DataSheet1_Kinetics and Reaction Mechanism of Biothiols Involved in SNAr Reactions: An Experimental Study.PDF

Few kinetic parameters, or reaction rates, are known up to date in detail about 1-chloro and 1-fluoro-2,4-dinitrobenzene (ClDNB and FDNB, respectively) with a series of biothiols in aqueous media. These biological nucleophiles with thiol groups have been widely used as a reference in nucleophile reactivity assays due to their prevalence and cellular abundance. The main aim of this study was to elucidate the reaction mechanism based on Brönsted-type plots and reactivity patterns of the electrophile/nucleophile pairs. A complete kinetic study was performed in terms of the comparison of Brönsted-type slope parameters (βnuc) for the reactions and was used for assigning the mechanism and the rate-determining step associated with the reaction route. A mass spectrometry analysis demonstrated that the nucleophilic center of the biothiols is the -SH group and there is only one kinetic product. The kinetic study suggests that the reaction mechanism might be the borderline between concerted and stepwise pathways. An amine–enol equilibrium for the most reactive nucleophiles appears to be the main determining factor controlling the nucleophilic attack in the nucleophilic aromatic substitution reactions investigated, highlighting the anionic form for these nucleophiles. This amine–enol equilibrium involves a hydrogen bond which stabilizes the intermediate species in the reaction pathway. Thus, intramolecular bonds are formed and enhance the nucleophilic strength through the contribution of the solvent surrounding the electrophile/nucleophile pairs. Finally, we highlight the importance of the formation of electrophile/nucleophile adducts that could modify structures and/or functions of biological systems with potential toxic effects. Therefore, it is essential to know all these kinetic and reactivity patterns and their incidence on other studies.
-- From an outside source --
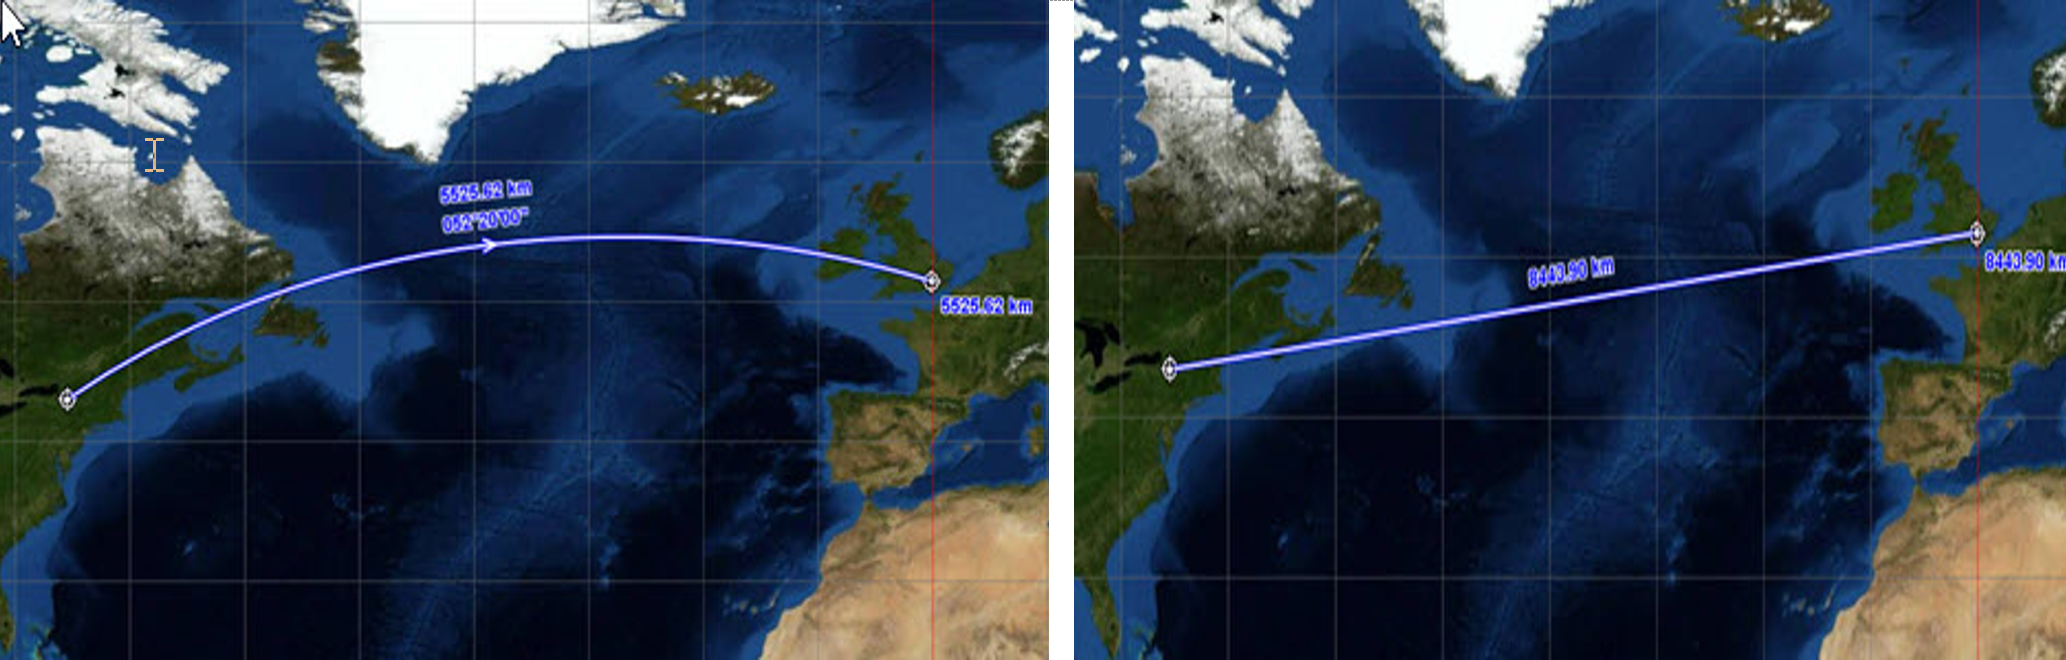 Geodesic flight path vs. cartesian flight path

截至目前，针对水介质中1-氯-2,4-二硝基苯（1-chloro-2,4-dinitrobenzene, ClDNB）与1-氟-2,4-二硝基苯（1-fluoro-2,4-dinitrobenzene, FDNB）分别与一系列生物硫醇的反应，其详细动力学参数（或反应速率）相关数据仍较为匮乏。这类带有巯基的生物亲核试剂因分布广泛且在细胞内含量丰富，被广泛用作亲核试剂活性测定的参照体系。本研究的核心目标是基于亲电试剂/亲核试剂对的布朗斯特型（Brönsted-type）作图与活性模式，阐明该反应的反应机制。本研究通过对比各反应的布朗斯特型斜率参数（βnuc）开展了完整的动力学研究，以此确定反应路径对应的反应机制与决速步。质谱分析结果表明，生物硫醇的亲核活性中心为巯基（-SH），且该反应仅生成一种动力学产物。动力学研究结果显示，该反应的机制可能处于协同路径与分步路径的临界状态。对于活性最强的亲核试剂而言，其胺-烯醇平衡似乎是调控所研究的亲核芳香取代反应中亲核进攻的核心决定因素，这凸显了这类亲核试剂的阴离子形态。该胺-烯醇平衡过程会形成氢键，稳定反应路径中的中间体物种。由此形成的分子内键可通过亲电试剂/亲核试剂对周围溶剂的作用，增强亲核试剂的亲核能力。最后，本研究强调了亲电试剂/亲核试剂加合物形成的重要性：这类加合物可能改变生物系统的结构与/或功能，并带来潜在毒性效应。因此，全面掌握这类动力学与活性模式及其对其他研究的影响，具有重要意义。